** Opening EXERCISE DATA block **

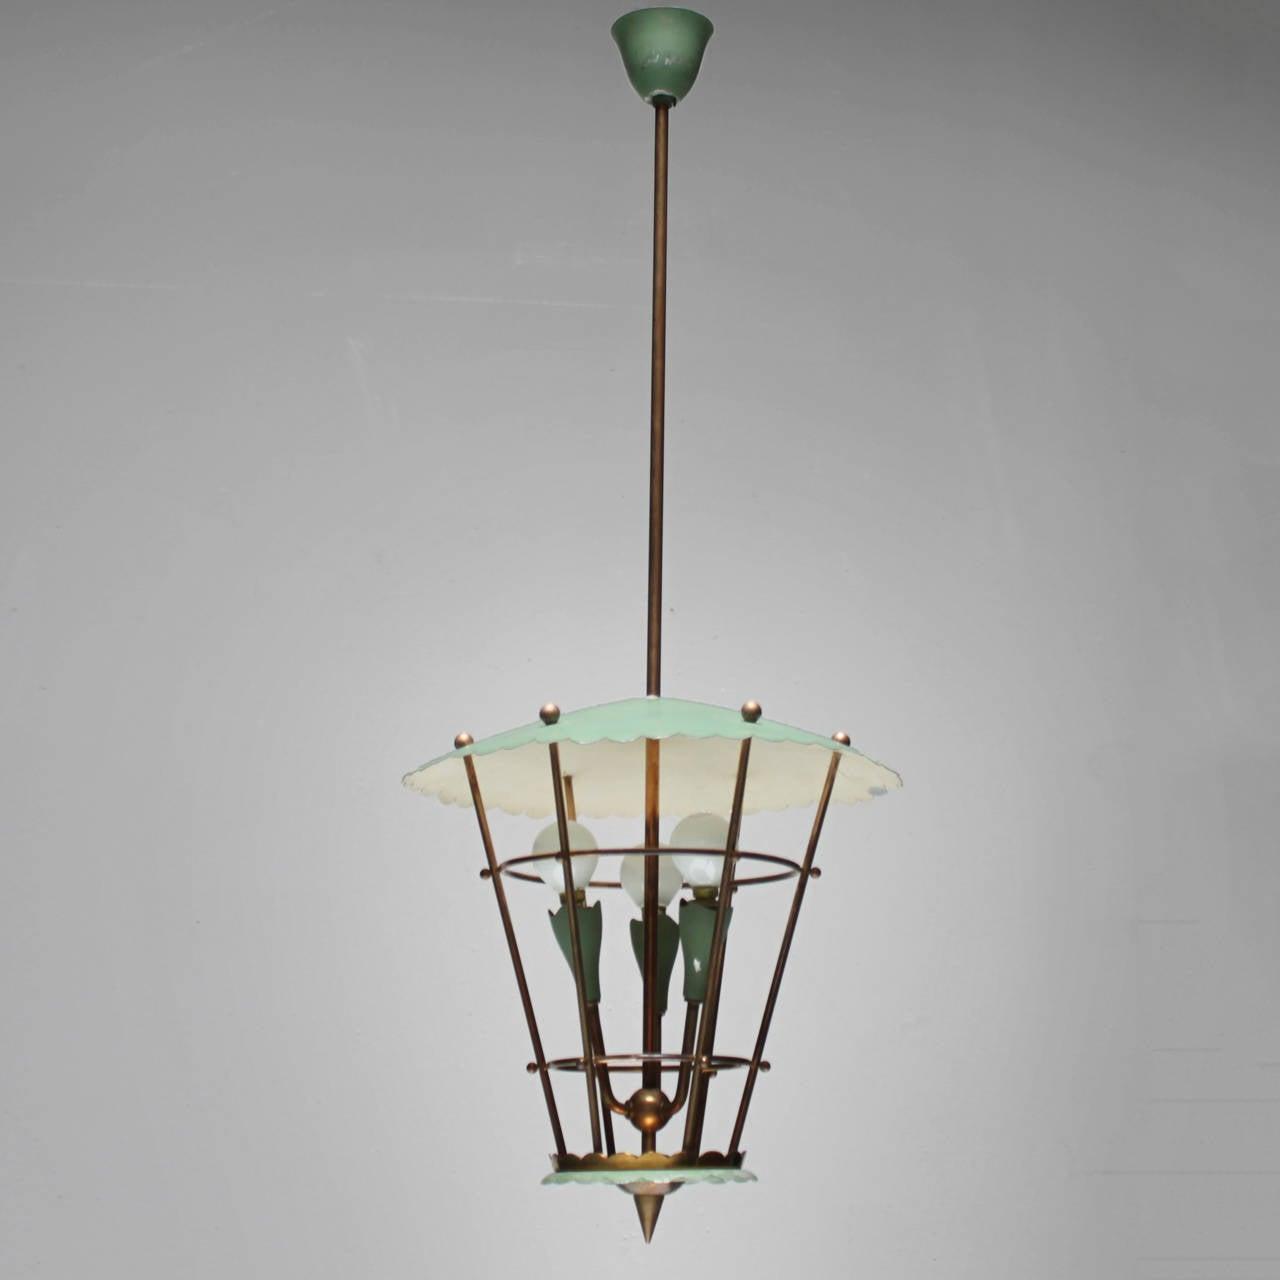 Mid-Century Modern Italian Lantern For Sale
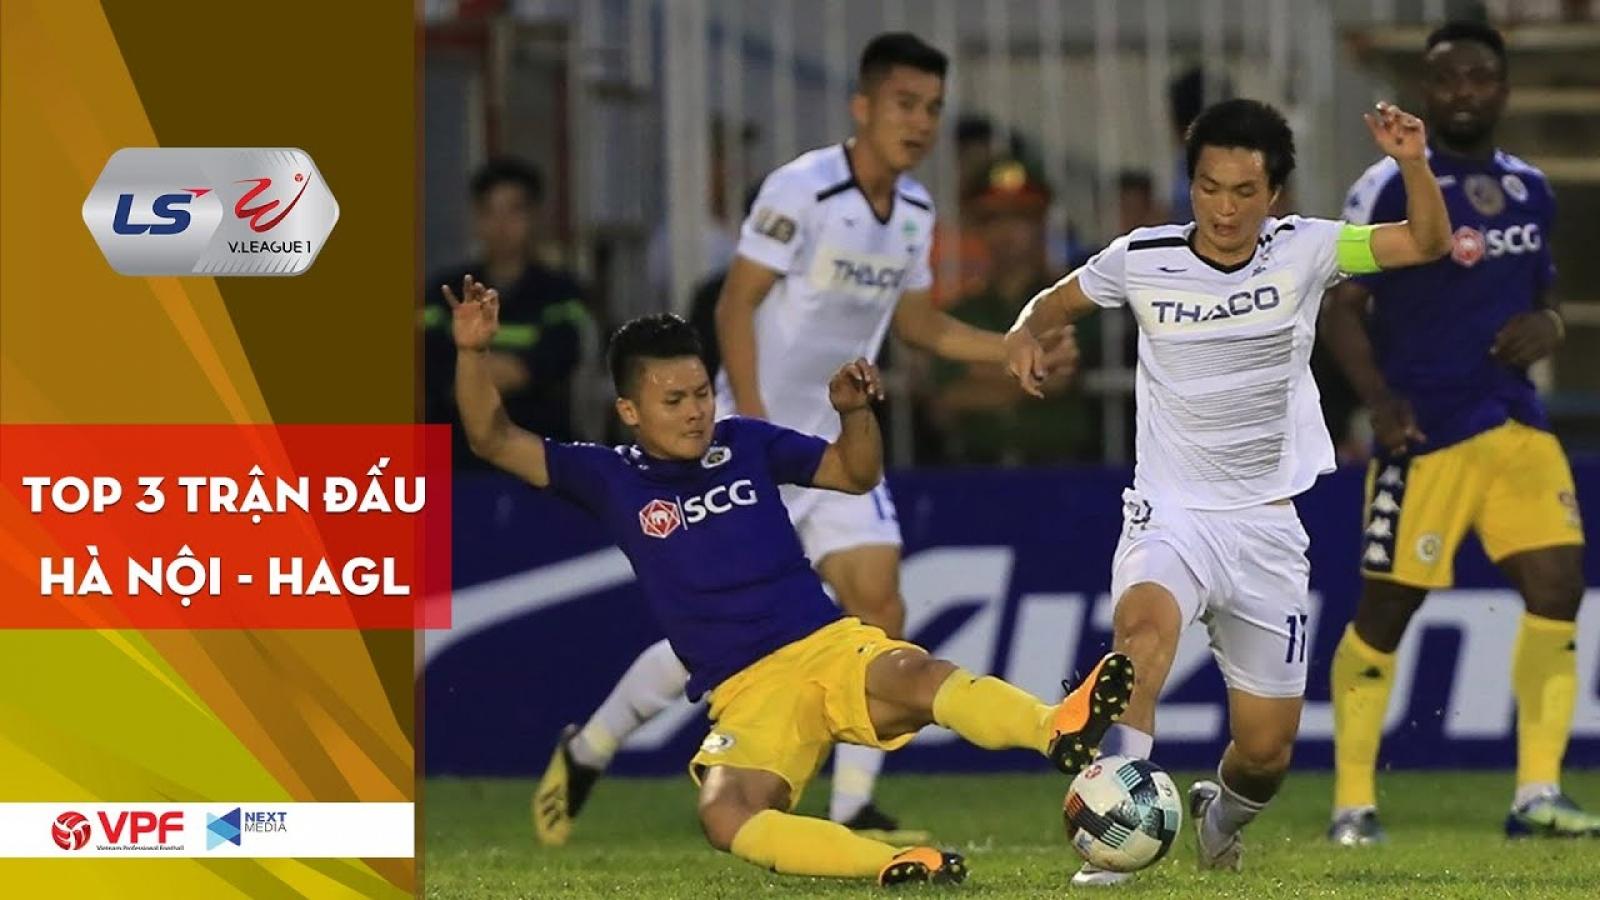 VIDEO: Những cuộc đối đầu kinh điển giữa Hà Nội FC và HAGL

** Closing EXERCISE DATA block **
** Opening EXERCISE DATA block **

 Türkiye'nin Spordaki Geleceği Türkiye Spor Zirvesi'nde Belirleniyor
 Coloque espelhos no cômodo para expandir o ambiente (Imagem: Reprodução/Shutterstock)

** Closing EXERCISE DATA block **
** Opening EXERCISE DATA block **

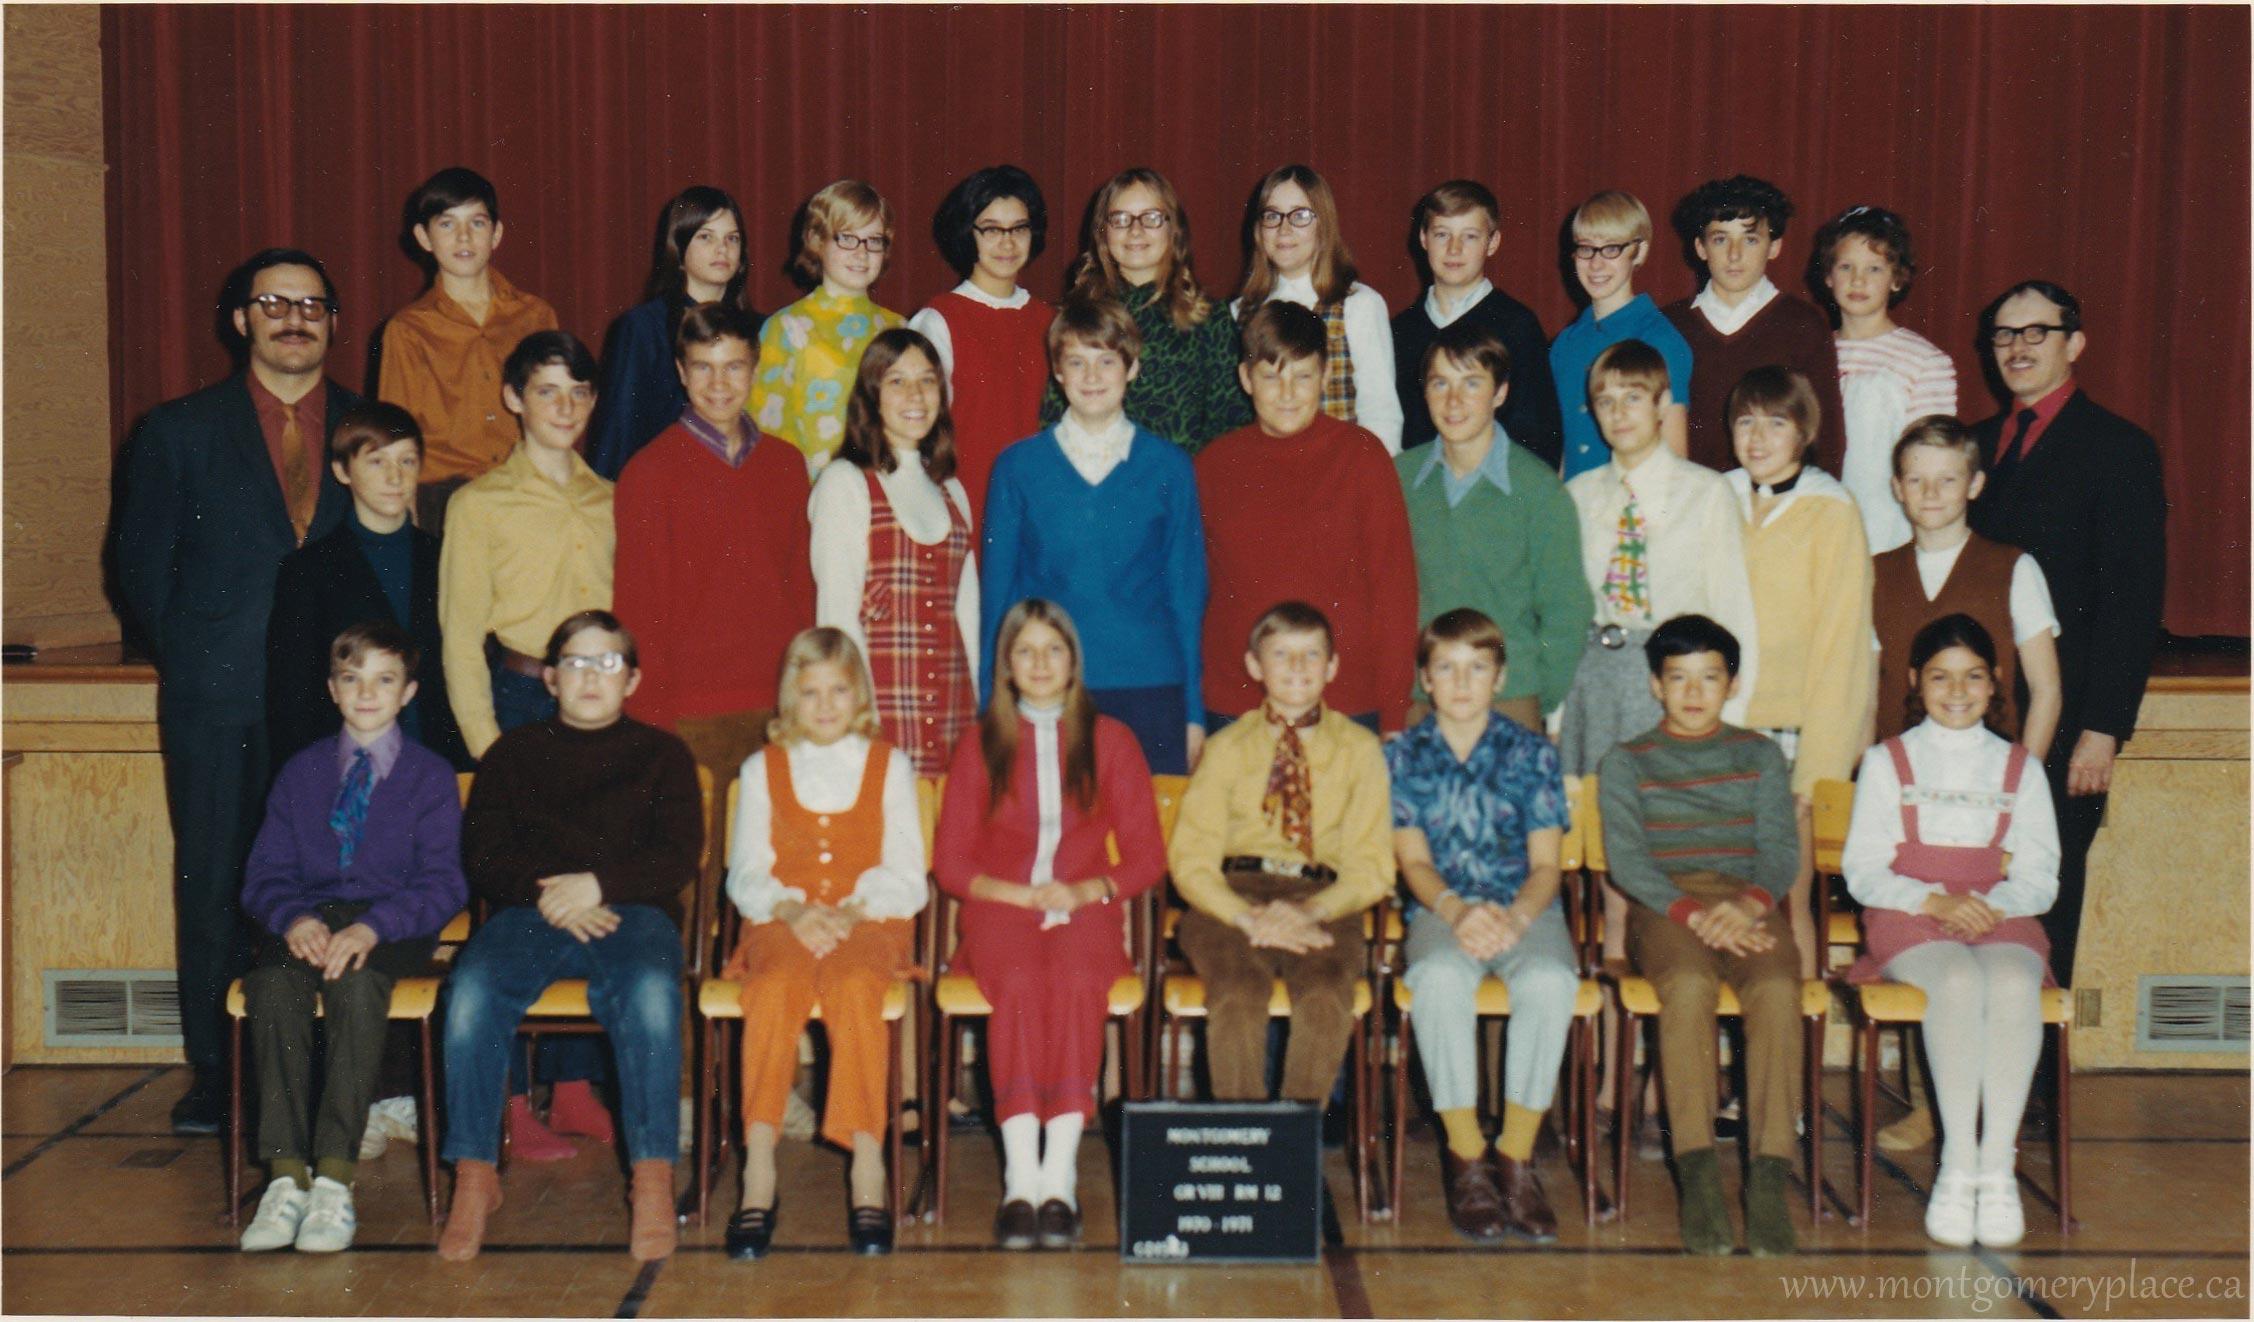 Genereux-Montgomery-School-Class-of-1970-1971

** Closing EXERCISE DATA block **

WHAT YOU HAVE TO DO.
Starting at the line that contains "Mid-Century Modern Italian Lantern For Sale" and ending at the line that contains "VIDEO: Những cuộc", transcribe the material above exactly, excluding pictures.

FINAL ANSWER.
 Mid-Century Modern Italian Lantern For Sale
 VIDEO: Những cuộc đối đầu kinh điển giữa Hà Nội FC và HAGL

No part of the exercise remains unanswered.